23.9.14

Destruição criativa

Pond, "Aloneaflameaflower", in https://www.youtube.com/watch?v=LbODngNdZF8
- Ouvi falar em destruição criativa. Somos reféns de paradoxos?
- Tudo tem um contexto. Não podemos ficar presos à literalidade das palavras.
- Mas tu és da área. Como se pode conceber que da destruição, em vez do caos, venha a criação?
- Queres falar de ciência, ou transitar pela linguagem das metáforas?
- Não entendo. Pensei que fosses arrematar a conversa pelos cânones da tua especialidade.
- Mas isto transcende qualquer ciência.
- Não percebo.
- Pois não nos é dado, na rotina da existência diária, a esmagar o que temos por adquirido quando esse adquirido nos desassossega, quando por ele trazemos um rosto sombrio e andamos sonâmbulos pelas algemas do pesar?
- O que me dizes deixa-me inquieto...
- Digo-te que, às vezes, temos de renegar quase tudo. Que essa é uma condição para a reinvenção do ser, ou deixamos de ser e entramos num pântano que devora as forças. E vegetamos, só vegetamos.
- Se é assim com indivíduos, assim será com sociedades?
- E que mais não são as sociedades do que o somatório de todas as vontades individuais, umas alcançando mais protagonismo que outras?
- Como sabemos que um dado momento é a circunstância da destruição criativa?
- Quando as interrogações fervilham e as respostas são nutriente de mais interrogações ainda.

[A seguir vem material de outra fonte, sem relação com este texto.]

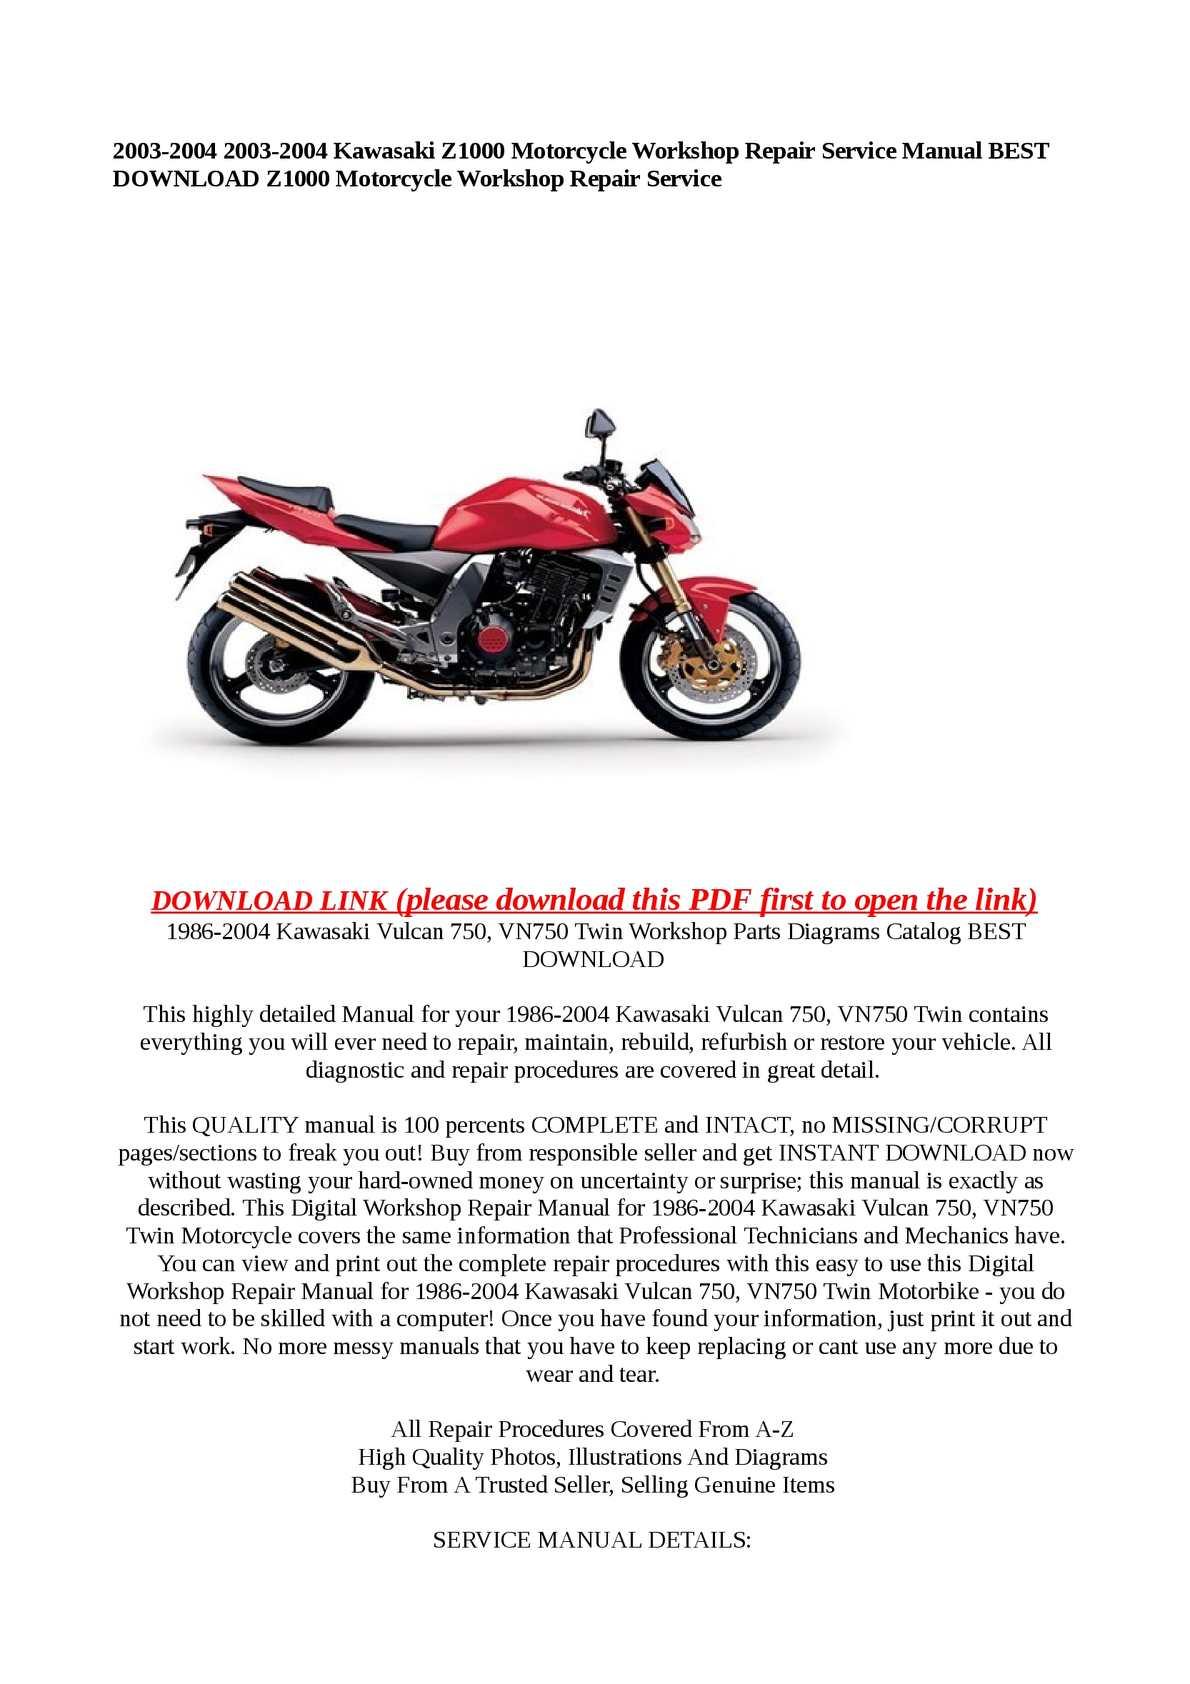 2004 Kawasaki Z1000 Wiring Diagram Manual E Books 1981 Kz650 Librarycalamo 2003 Motorcycle Workshop Repair

Quando parece que não chega a haver alvorada. Quando os pássaros se despojam do canto. Quando os fogos consumiram as serranias que os olhos avistam e a aridez magoa. Quando os pés sangram por serem açoitados pelas pedras que enxameiam o caminho por onde seguem. Quando a canseira é tanta e o sono teima em ser contumaz. Quando o corpo pede outra geografia.
- Então diz-me: que fazemos quando o apelo da destruição criativa falar tão alto?
- Criamos destruição. Seletiva. Ou, em momentos de refundação imperativa, devastadora, sem anelar exceções. Destruímos o que estava criado para do caos salvífico renascer um impulso de criação.